If we accept the word polarity as a name for the force by which inorganic units are aggregated into a form peculiar to them, we may apply this word to the analogous force displayed by organic limits." Dr.Jeffries Wyman,[196] in his paper on the "Symmetry and Homology of Limbs," has a distinct chapter on the "Analogy between Symmetry and Polarity," illustrating it by the effects of magnets on "particles in a polar condition." Mr.J.J.Murphy, after noticing[197] the power which crystals have to repair injuries inflicted on them and the modifications they undergo through the influence of the medium in which they may be formed, goes on to say:[198] "It needs no proof that in the case of spheres and crystals the forms and the structures are the effect, and not the cause, of the formative principles.

Attraction, whether gravitative or capillary, produces the spherical form; the spherical form does not produce attraction.

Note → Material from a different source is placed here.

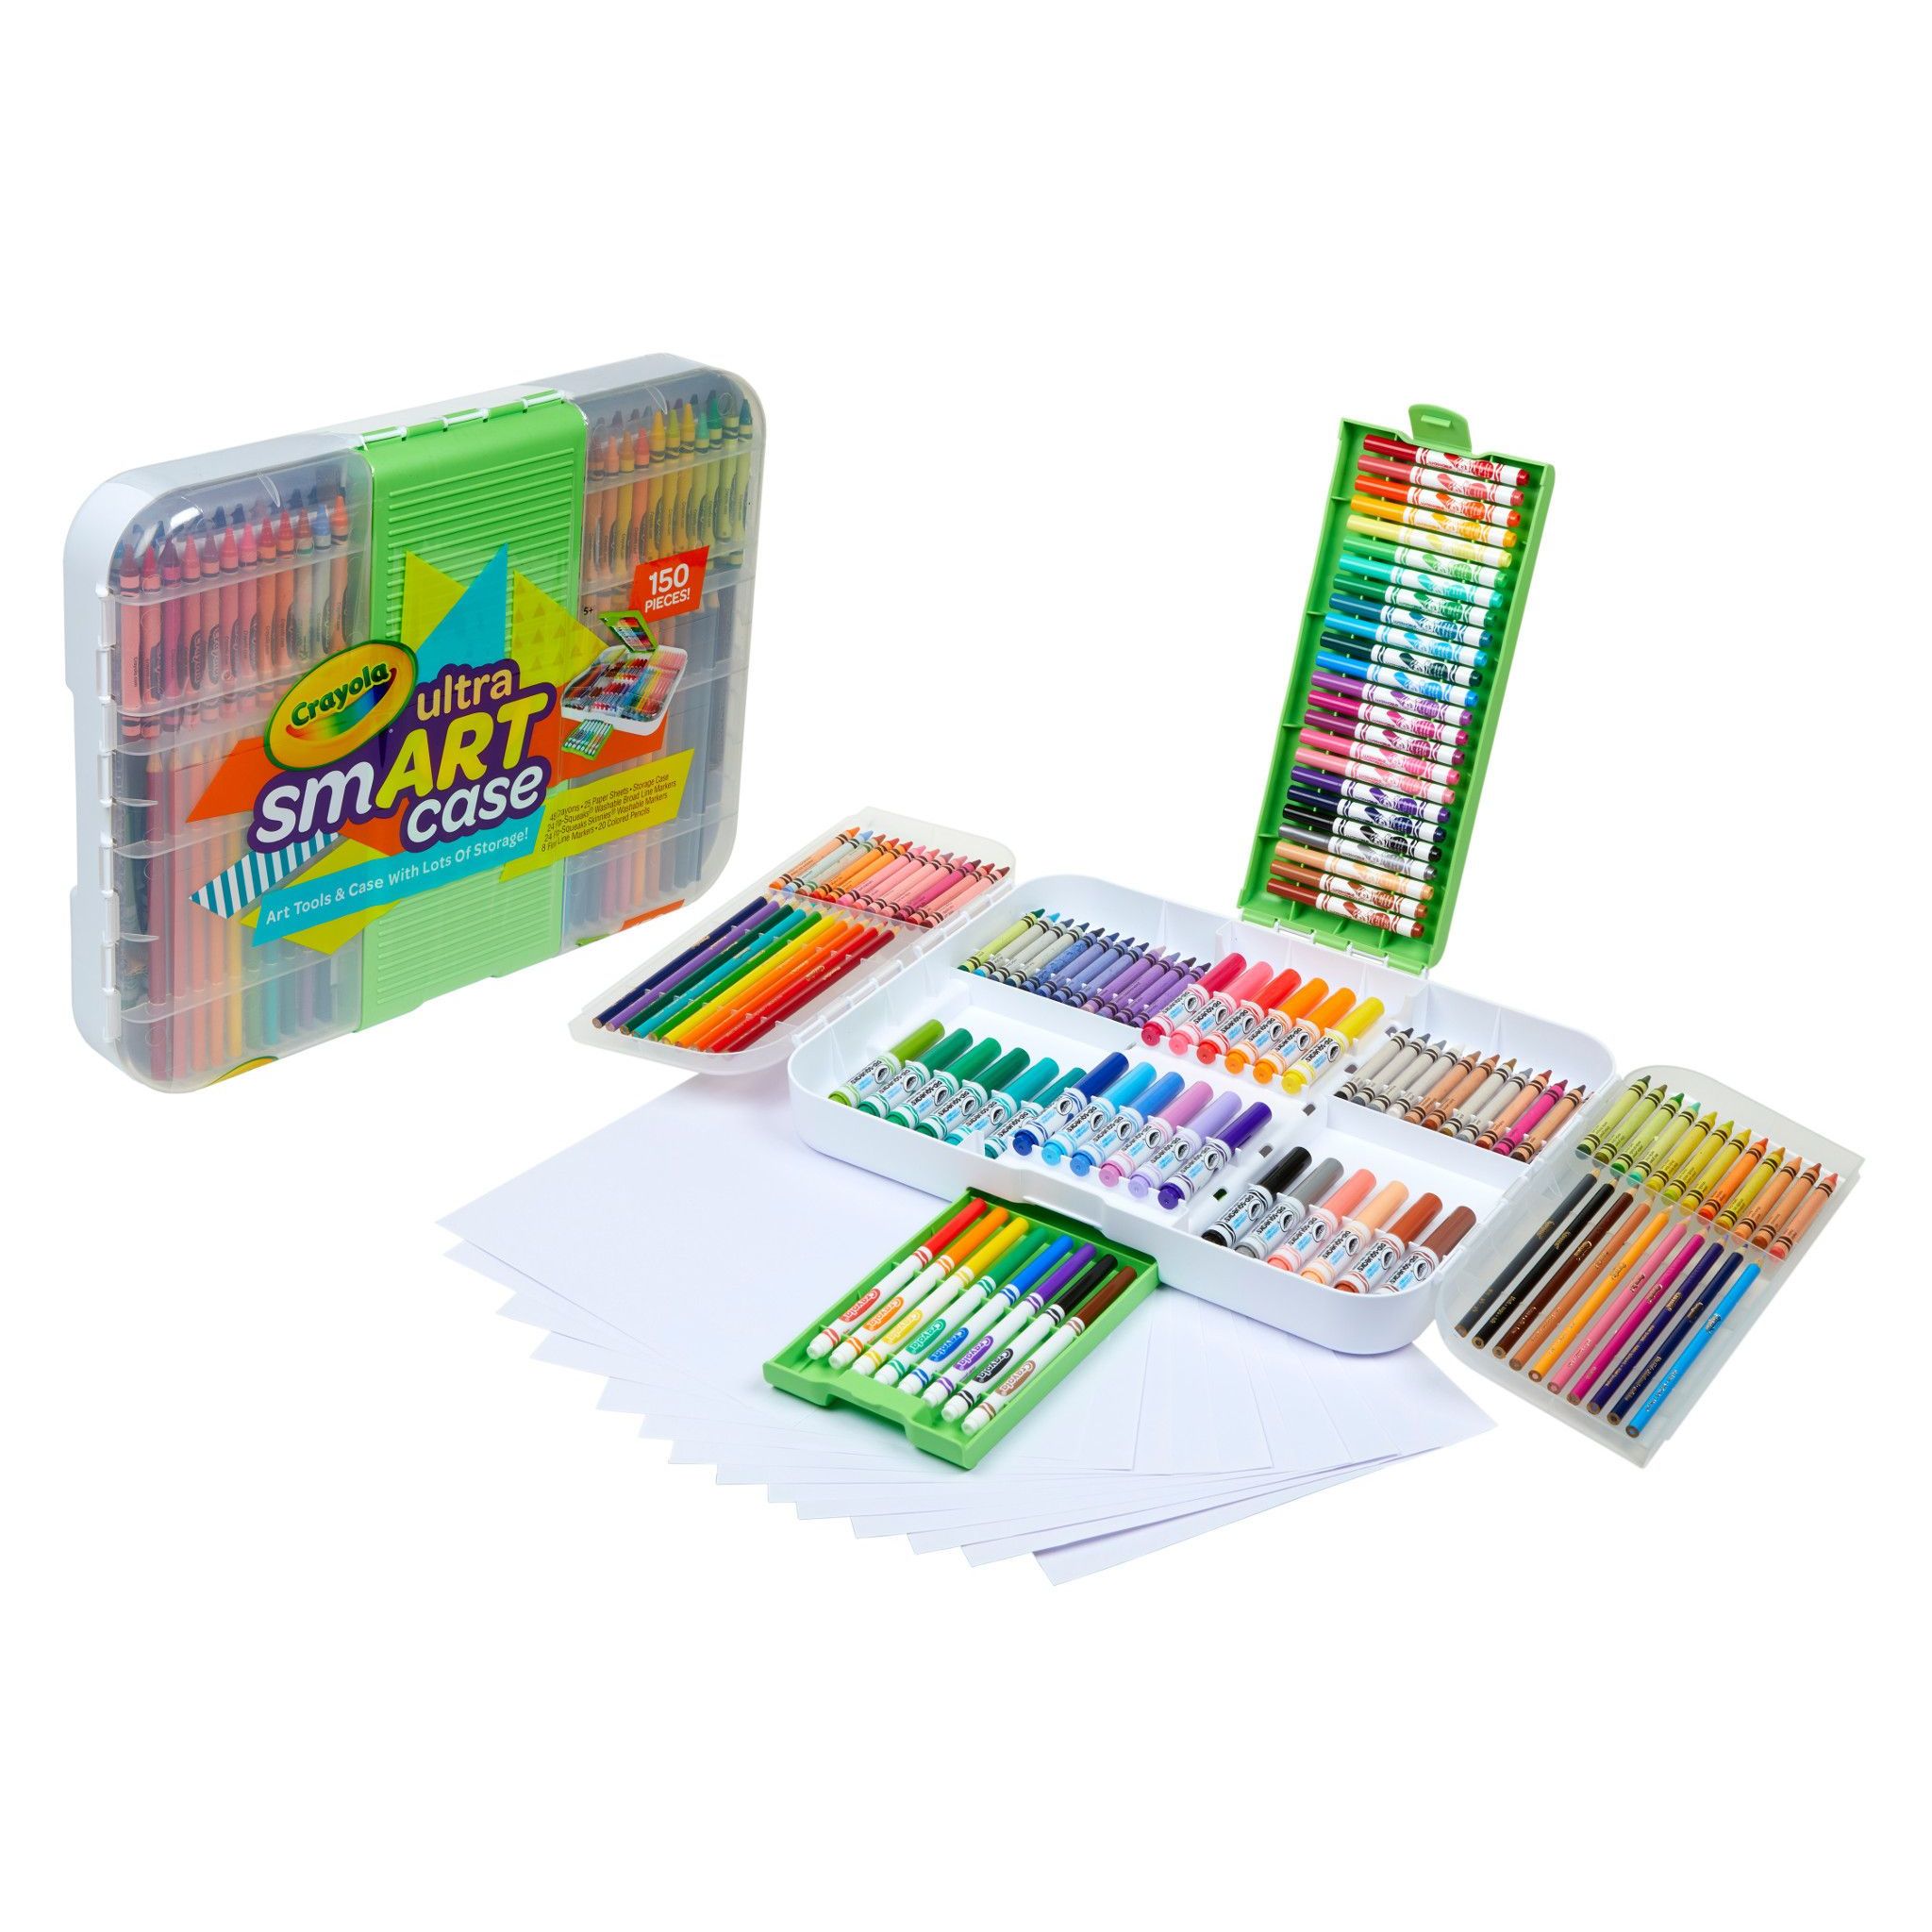 Crayola Ultra SmART Case, School Supplies, Markers & Crayons Art Set, Beginner Unisex Child - image 1 of 8

And crystalline polarities produce crystalline structure and form; crystalline structure and form do not produce crystalline polarities.
The same is not quite so evident of organic forms, but it is equally true of them also." ...

"It is not conceivable that the microscope should reveal peculiarities of structure corresponding to peculiarities of habitual tendency in the embryo, which at its first formation has no structure whatever;"[199] and he adds that "there is something quite inscrutable and mysterious" in the formation of a new individual from the germinal {186} matter of the embryo.